Fri Oct 6 10:38:20 PDT 2017

davidxl added inline comments.

================
Comment at: llvm/lib/Transforms/Scalar/SpeculateAroundPHIs.cpp:67
+    // instructions and allow handling stores in easily proven safe cases.
+    if (mayBeMemoryDependent(*UI)) {
+      DEBUG(dbgs() << "  Unsafe: can't speculate use: " << *UI << "\n");
----------------
chandlerc wrote:
> davidxl wrote:
> > This is too limiting.  The scenario is commonly created by the store sinking optimization -- which involves memory operation.
> There is a FIXME discussing this already?
> 
> However, this pass is already able to handle the motivating case, so it seems reasonable to extend this cautiously in subsequent commits?
This might affect the design decisions: use MemSSA or AS ?

It is probably good to handle the easiest cases (which covers 90% of the cases) where the memory instruction is just hoisted to its direct predecessor blocks.

================
Comment at: llvm/lib/Transforms/Scalar/SpeculateAroundPHIs.cpp:112
+        // If when we directly test whether this is safe it fails, bail.
+        if (UnsafeSet.count(OpI) || mayBeMemoryDependent(*OpI)) {
+          DEBUG(dbgs() << "  Unsafe: can't speculate transitive use: " << *OpI
----------------
chandlerc wrote:
> davidxl wrote:
> > What is the second check about?

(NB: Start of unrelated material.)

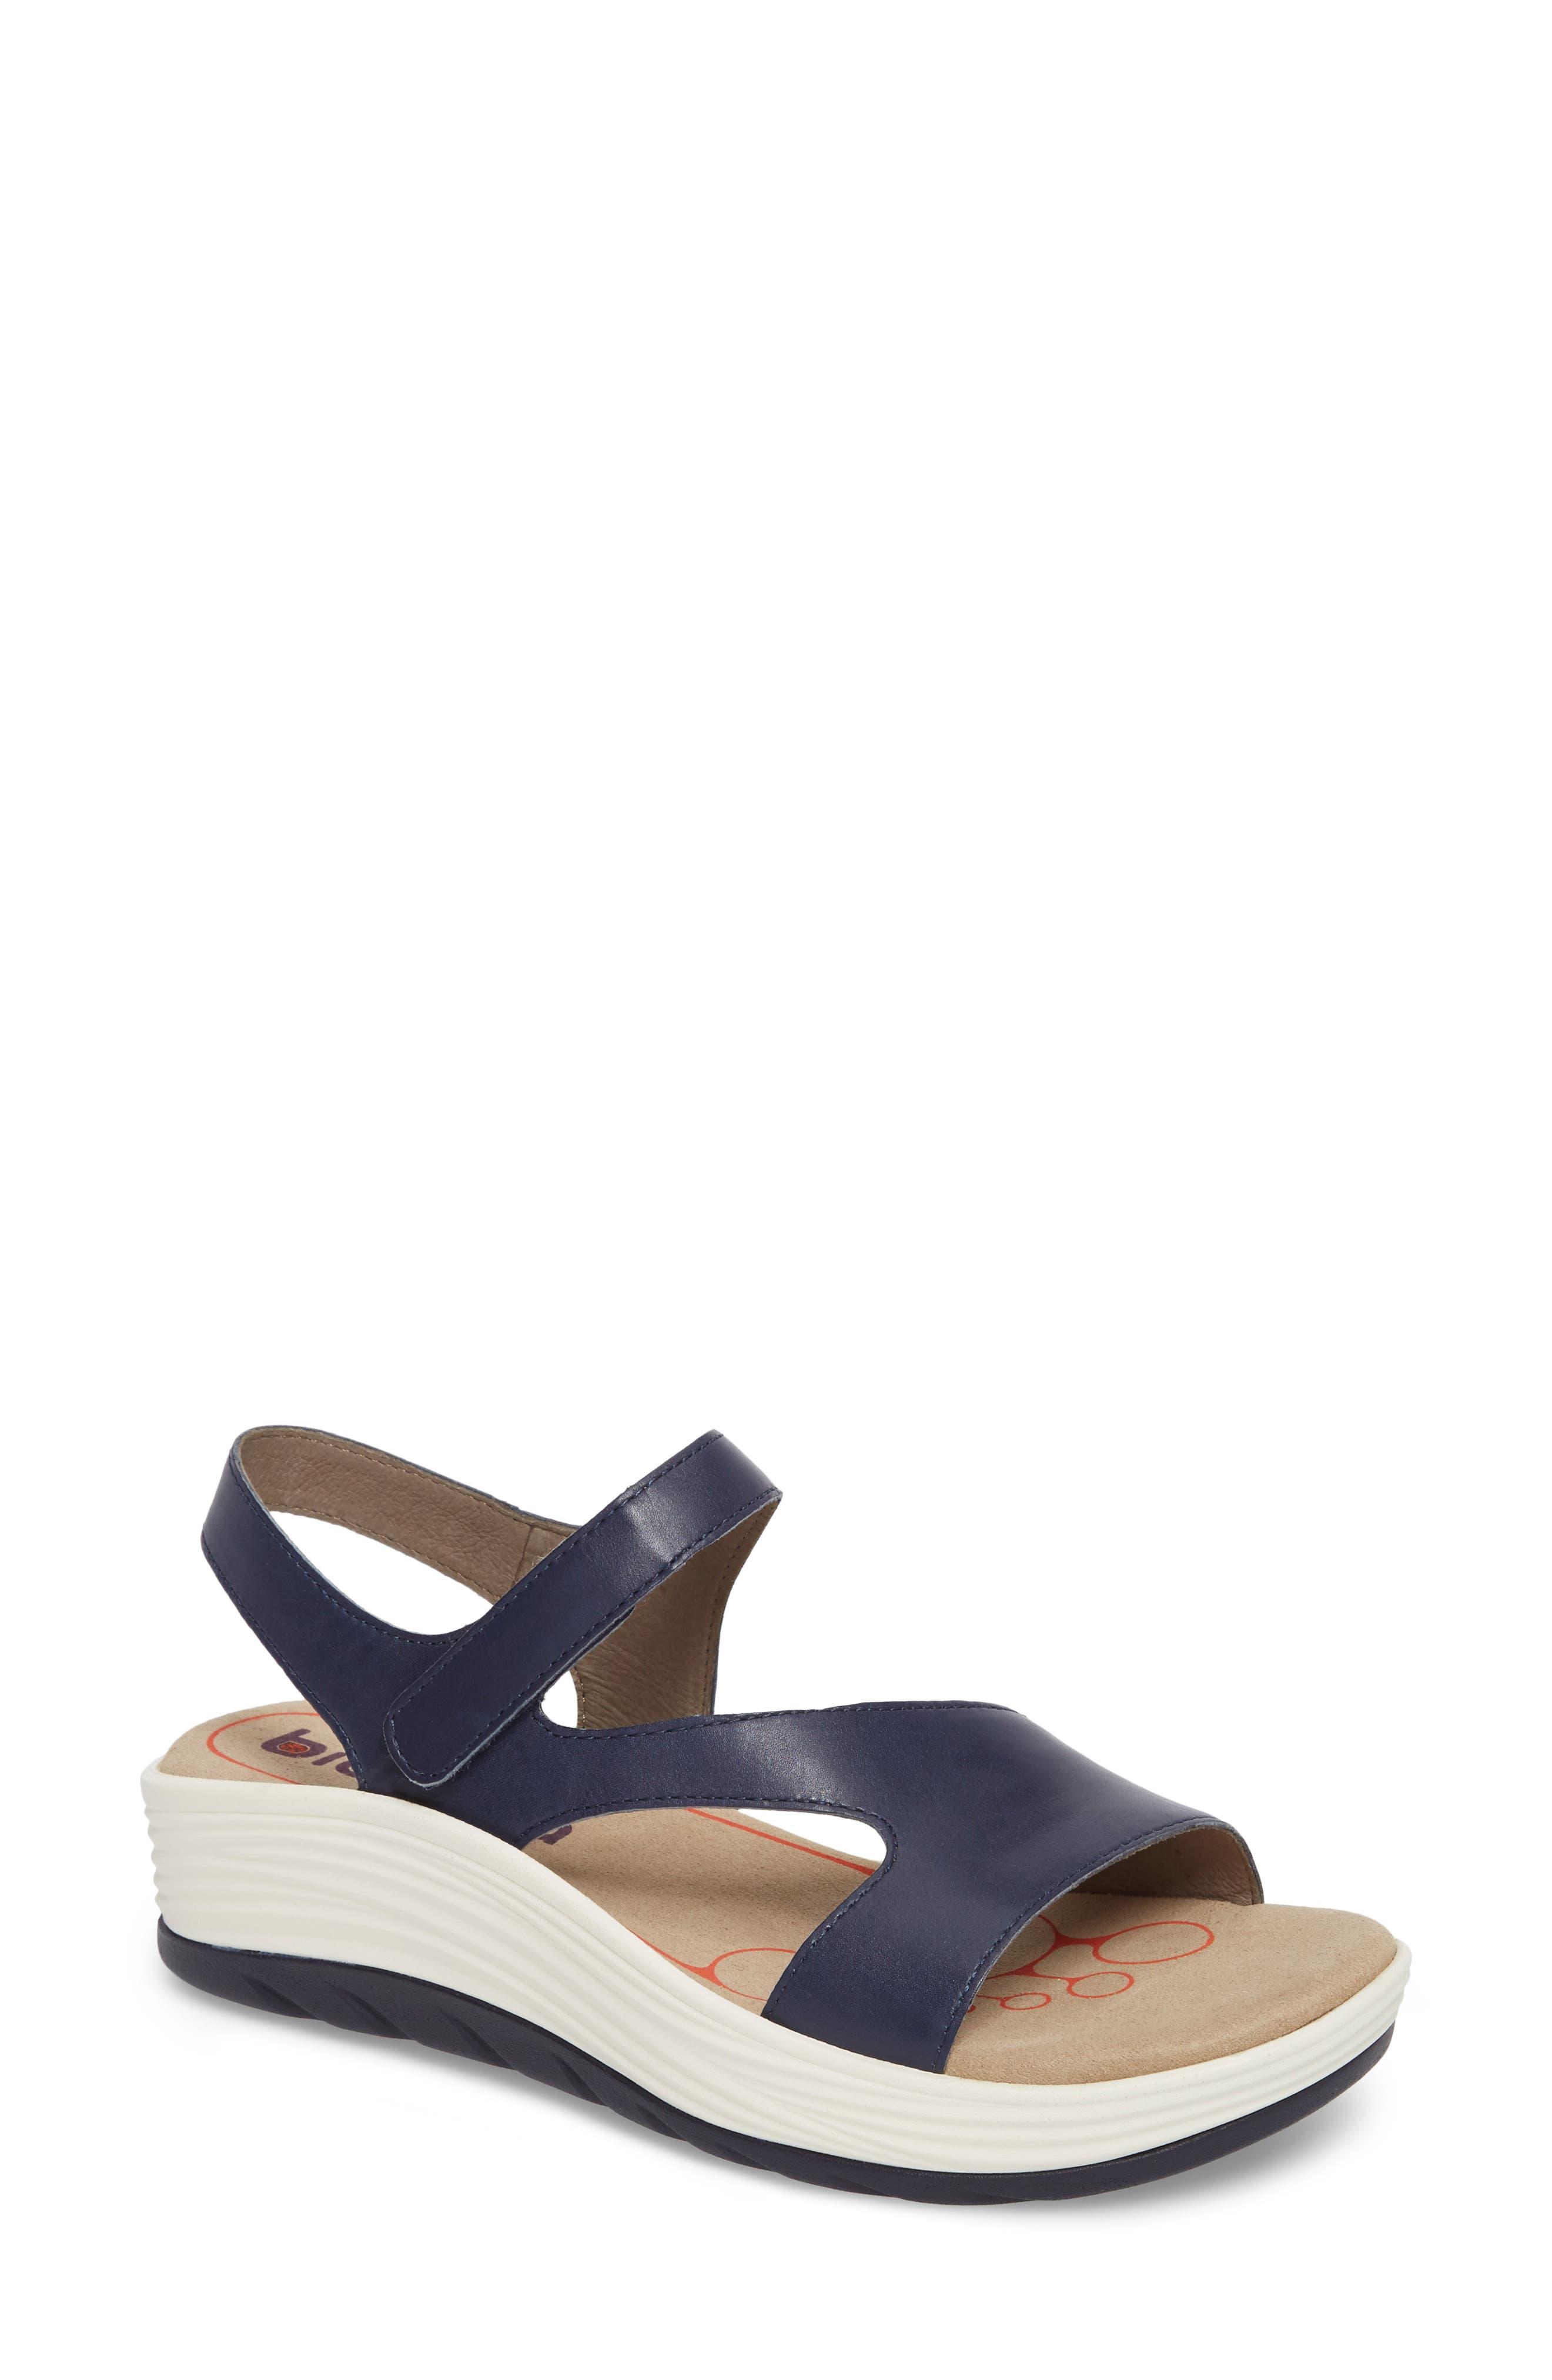 Cybele Platform Sandal,                             Main thumbnail 1, color,                             PEACOAT NAVY LEATHER

OpI is not a code motion candidate.
> > 
> > The first check seems wrong to me too.  At this point, we determined that OpI is not in a block that dominates the the target blocks of the code motion (hoisting), so it should return false immediately.  
> > 
> > I don't see the need to do a DFS walk to check the chains of operands either. 
> > 
> > The caching here seems also wrong and confusing.
> If `OpI` isn't in a block that dominates the target blocks, we will need to hoist `OpI` as well as the original `UI`. That's the point of this walk and the discussion w/ Danny: we may need to hoist more than one instruction in order to hoist the user of the PHI.
> 
> This actually was necessary to get basic tests to work at all because in many cases the operand is a trivial/free instruction such as a trunc or zext between i64 and i32. We want to hoist those in addition to the PHI use. There is a test case that demonstrates this as well I think.
> 
> Because we're doing that, we need to actually recurse in some way. DFS vs. BFS is just a tradeoff in terms of how you visit things and my previous emails discussed why I think DFS is probably right.
> 
> Hopefully this also makes the caching more clear, but please let me know what is unclear/confusing if note.

So dependent OpI are also hoisting candidates. However I don't see the cost model actually consider them.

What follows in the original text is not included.